When my daughter turned 6 months I prepared her first solid meal. I laid out the Twister mat on the kitchen floor, stripped her down to her nappy and presented her with a bowl of porridge. It doesn’t require too much imagination to visualise what followed. We had a lot of fun, I hosed her down and fed her some milk and she settled down to sleep. I sunk into the sofa. Then I sat up again, with a jolt and a sudden realisation: this wasn’t a diverting one-off activity. I had to do this again. And again, every day, for a really long time.
Nearly two years later I mostly manage to feed my daughter regular meals, which she will sometimes eat. Broccoli is one of her favourite foods and she can almost pronounce ‘quinoa’. She will also go and plant herself on the knee of anyone within a 5-mile radius with a plate of chips. I have the same impulse when I see someone with a bottle of vintage Krug; some things are just instinctive.
But her weekly menu is a dull rotation, involving a lot of pesto and eggs. It’s tough to get inspired sometimes, and I have observed that the more time I spend on meal preparation, the less likely it is that any food will be consumed and the more likely it is that I will have to mop.
We sometimes resort to pulling out an organic food pouch, which is always met with delight. These pouches always make me feel inadequate as a mother though, and I notice that I am not alone in feeling the need to justify their use when in out in public.
‘They are handy when you’re out and about, aren’t they?’ I say in playgrounds, as if I have just discovered them and it’s all a bit foreign compared to our usual fare of homemade soup and freshly baked bread.
‘She seems to quite like them,’ I add, as the toddler inhales the entire thing in one.

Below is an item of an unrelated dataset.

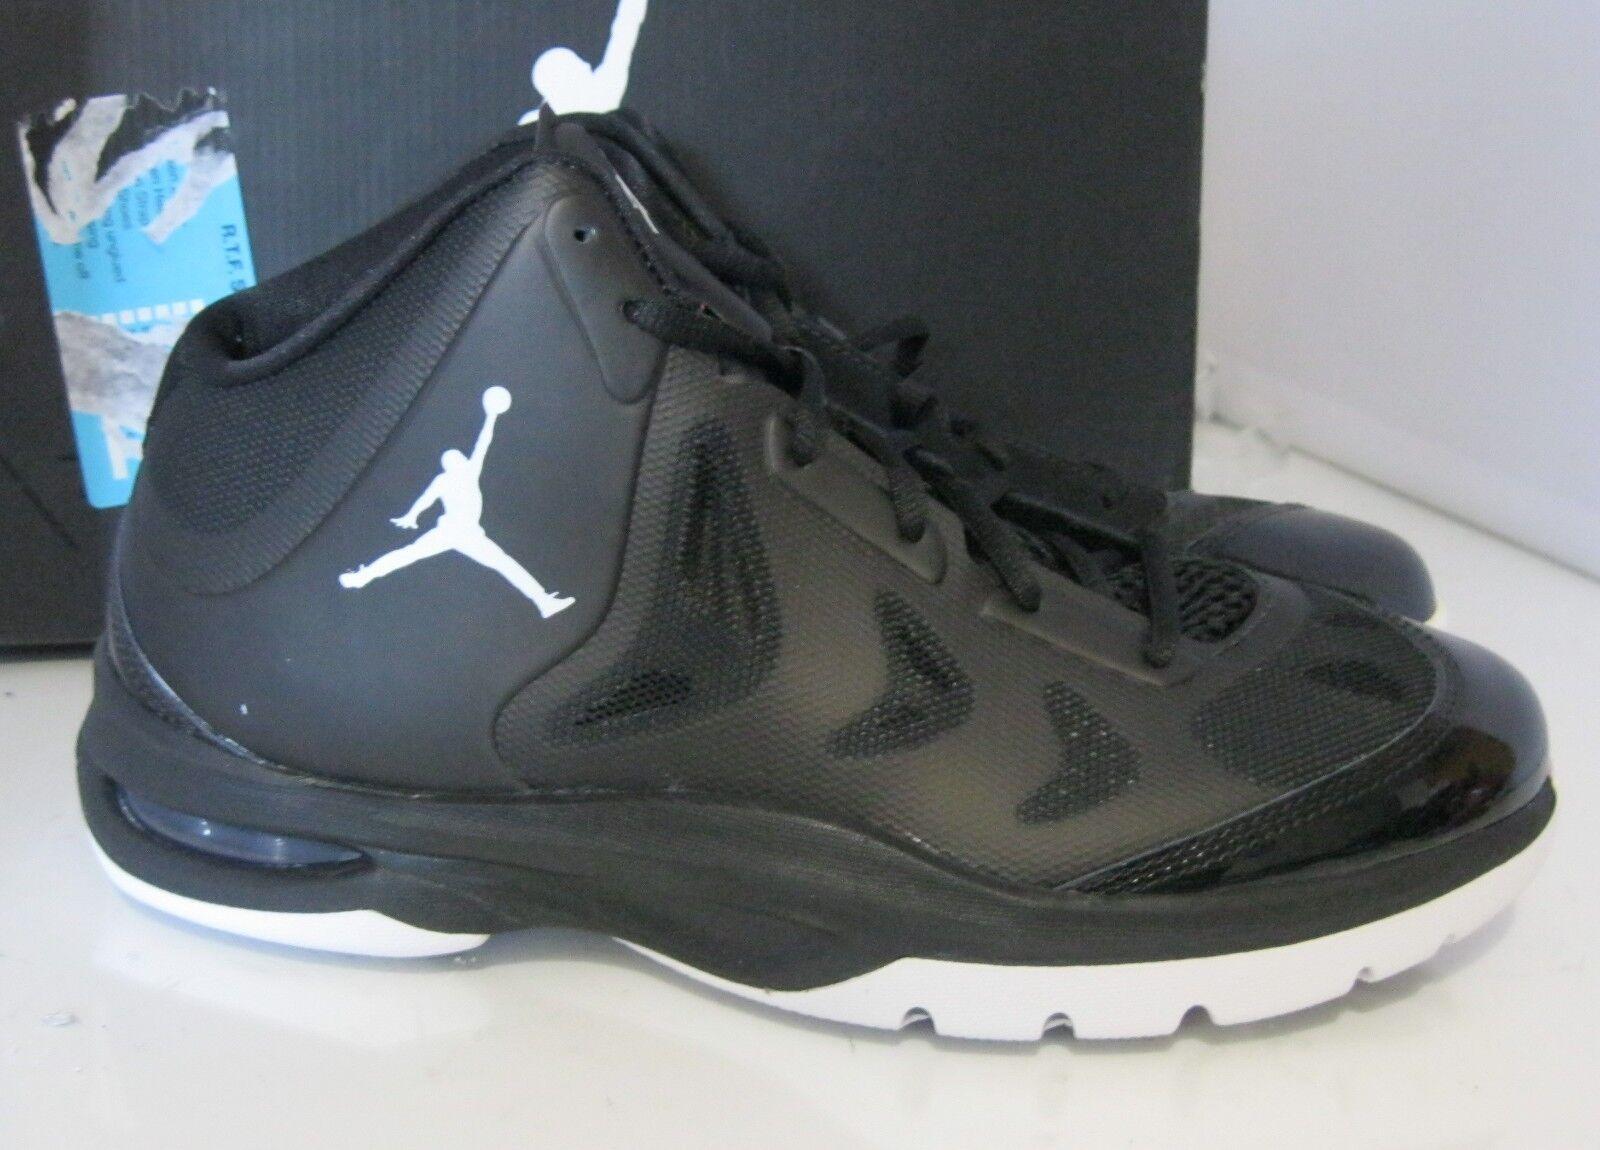 Nike Jordan Jordan Nike Play In These II II These 510581 001 Uomo Basketball   156553
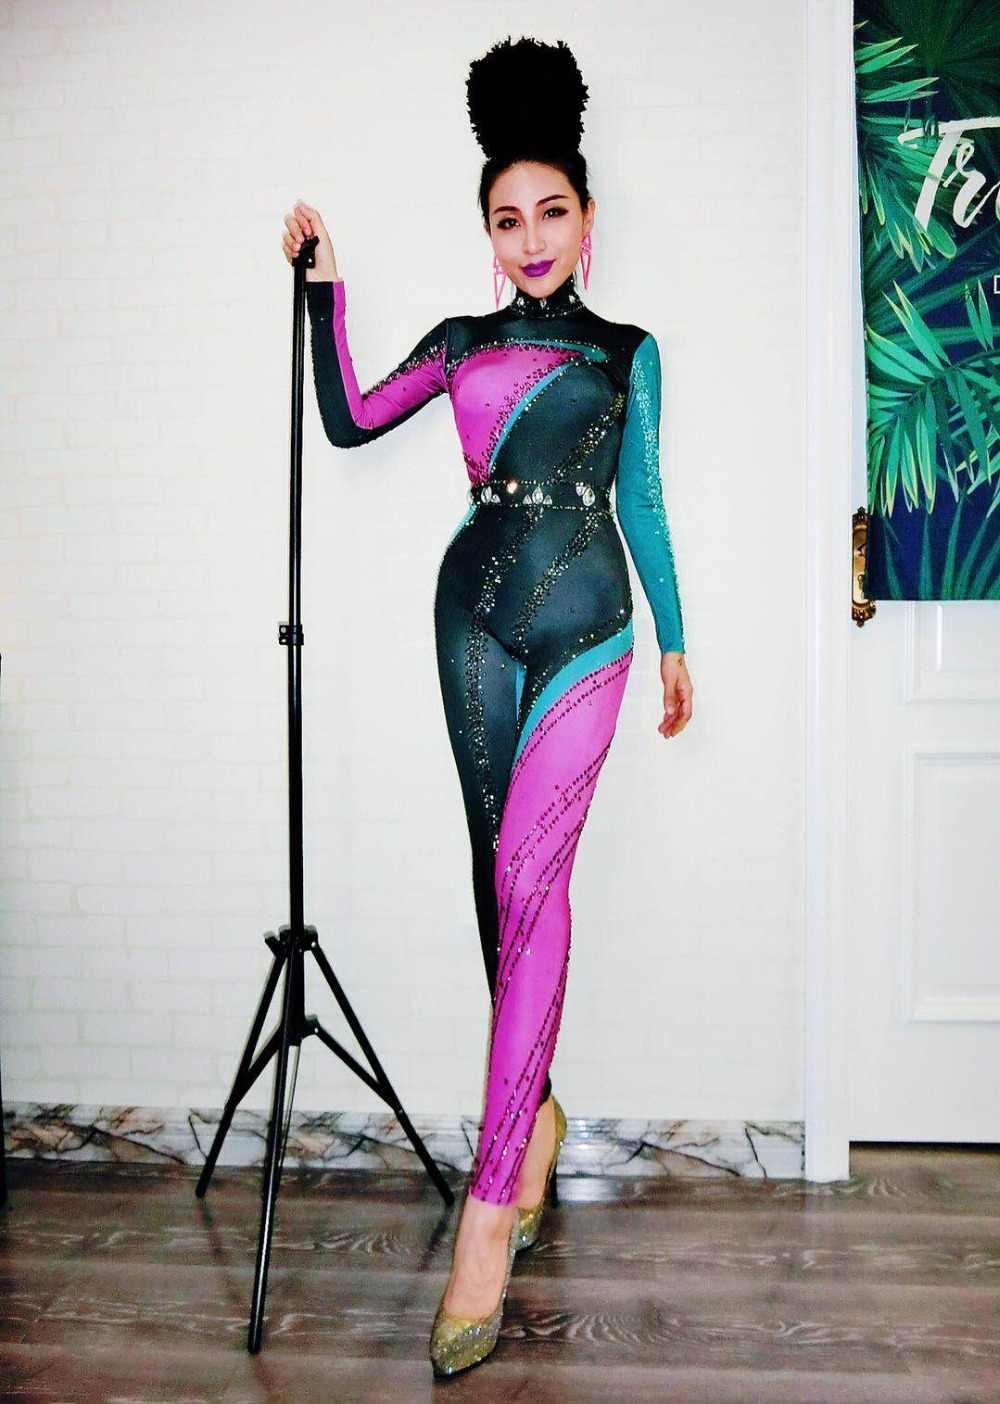 الأحجار الملونة تمتد بذلة طويلة الأكمام واحدة قطعة ارتداء ملهى ليلي المغني راقصة ارتداءها المرأة حزب تظهر مثير طماق

Kids’ tastes evolve continually, and keeping up and introducing new things is a challenge. I work with a family food brand, and should be good at this stuff, but some days I can’t see beyond fish fingers. Clearing up the remains of one uneaten meal, whilst struggling to plan the next can be disheartening. But, lately, I’ve begun to focus on the wins rather than the frustrations, and have learnt to roll with what works:
– Sometimes I give tasters directly from the pan before serving it into a bowl. This seems to make the meal more exciting.
– If my daughter ‘helps’ in any way (opening the fridge, a quick stir with a big wooden spoon), she then thinks she’s cooked. My husband shares the same belief. They are then more inclined to appreciate the fruit of their labours.
– Sometimes we eat in front of the TV, whilst I look down disapprovingly on myself and tut.
– I continue to offer veggies with every meal and give myself a gold star when any of them are consumed (actually, we ran out of stars a while ago so I have been using glasses of Pinot Noir instead, which seem to work equally well).
– We share food often. Food always tastes better from someone else’s plate.
– We talk about food. All the time. I involve my daughter as much as possible in food shopping, and chat about what we’re going to cook later.
– I don’t worry if we have a veg-less, chip-fest sort of a day. Most nutritionists agree that it’s better to look at what kids eat across the week, rather than just in a single day. Pass the ketchup.
And, challenges aside, we do manage a little meal time frivolity and the successes are all the sweeter for their rarity. Any nutritionally beneficial intake or successful new flavour introductions are causes for celebration, and I don’t beat myself up if we occasionally all have Weetabix for dinner.